*Requirement*
Pictures are to be left out, and only the lines below starting at the one with "Рубашка с длинным" and ending at the one with "Закон и люди, газета. 2011 №2 стр.11" are to be reproduced, each exactly, both ends included.

Start of Dataset extract

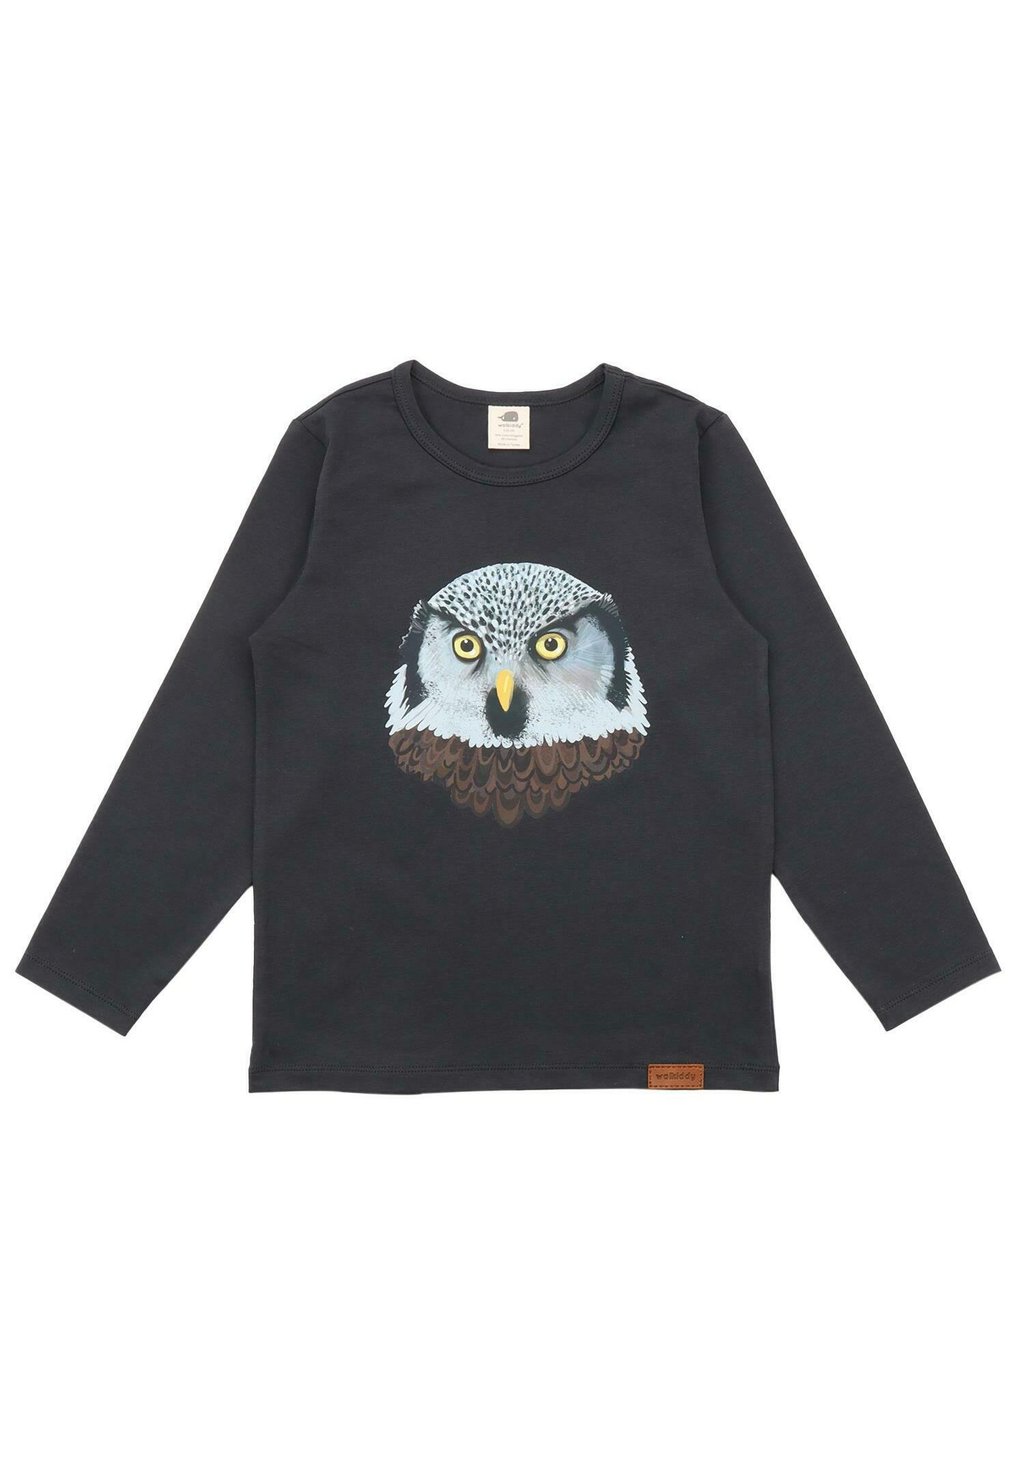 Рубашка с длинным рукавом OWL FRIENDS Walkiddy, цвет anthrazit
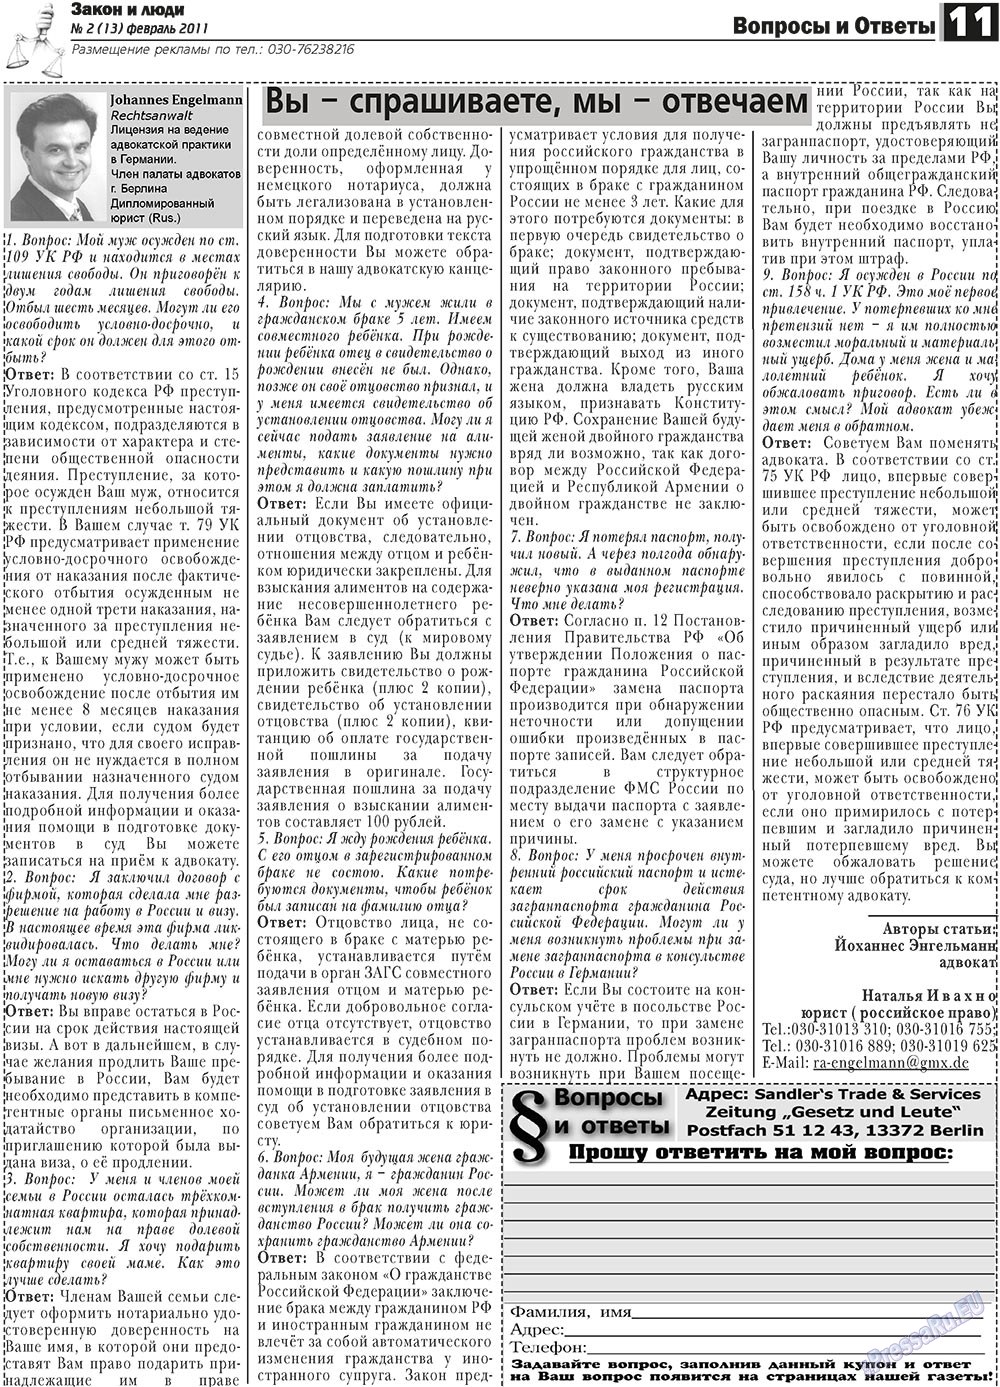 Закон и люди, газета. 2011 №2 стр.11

End of Dataset extract
Start of Dataset extract

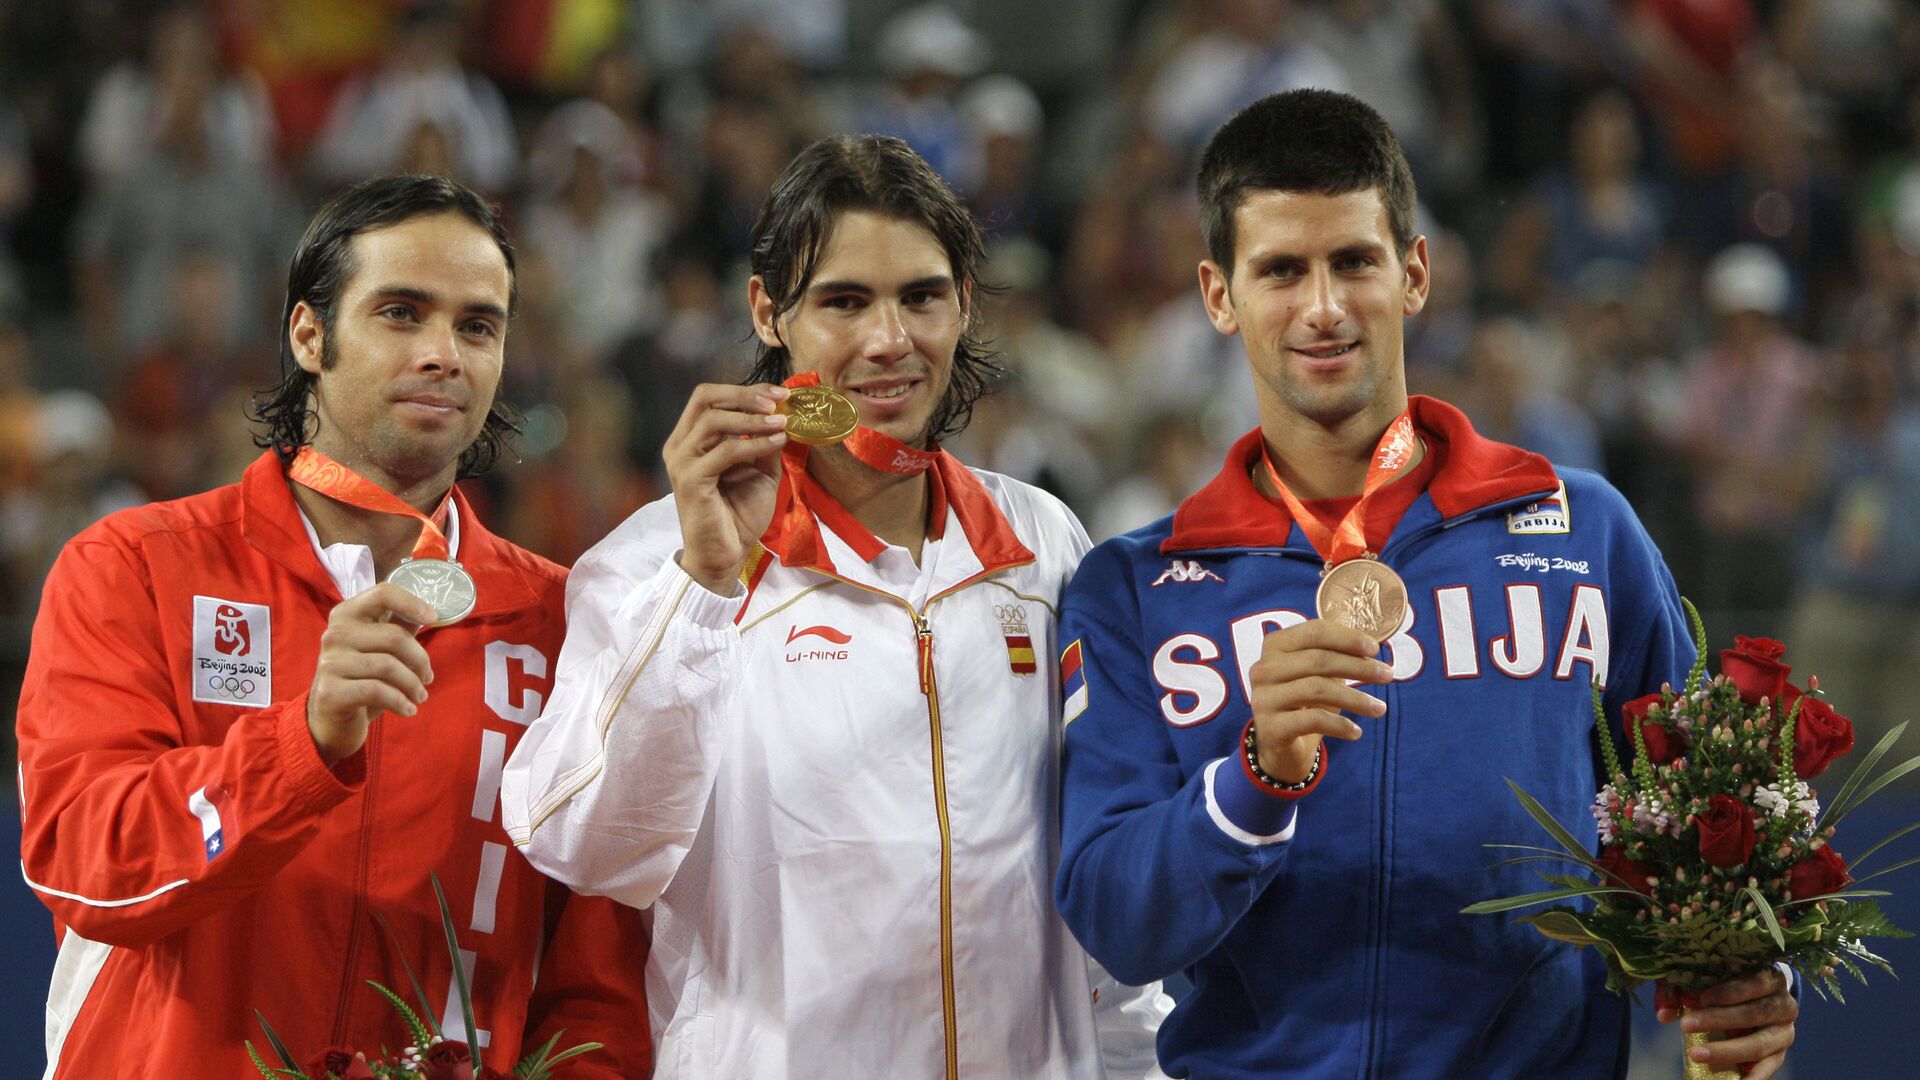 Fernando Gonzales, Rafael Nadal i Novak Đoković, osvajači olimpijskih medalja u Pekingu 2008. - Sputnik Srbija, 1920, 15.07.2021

End of Dataset extract
Start of Dataset extract

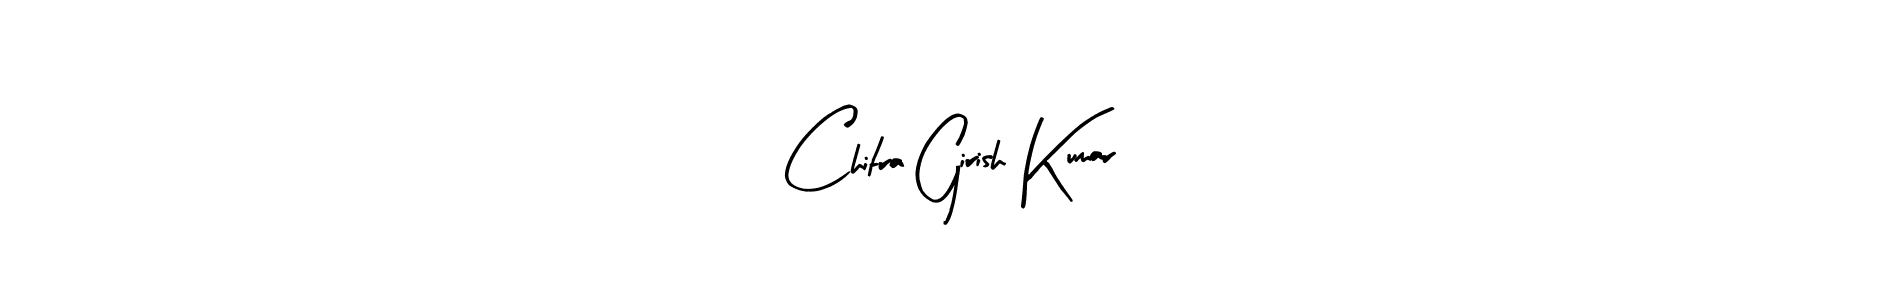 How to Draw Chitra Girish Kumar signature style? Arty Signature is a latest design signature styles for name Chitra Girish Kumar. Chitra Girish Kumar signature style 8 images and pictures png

End of Dataset extract

*Problem solution*
 Рубашка с длинным рукавом OWL FRIENDS Walkiddy, цвет anthrazit
 Закон и люди, газета. 2011 №2 стр.11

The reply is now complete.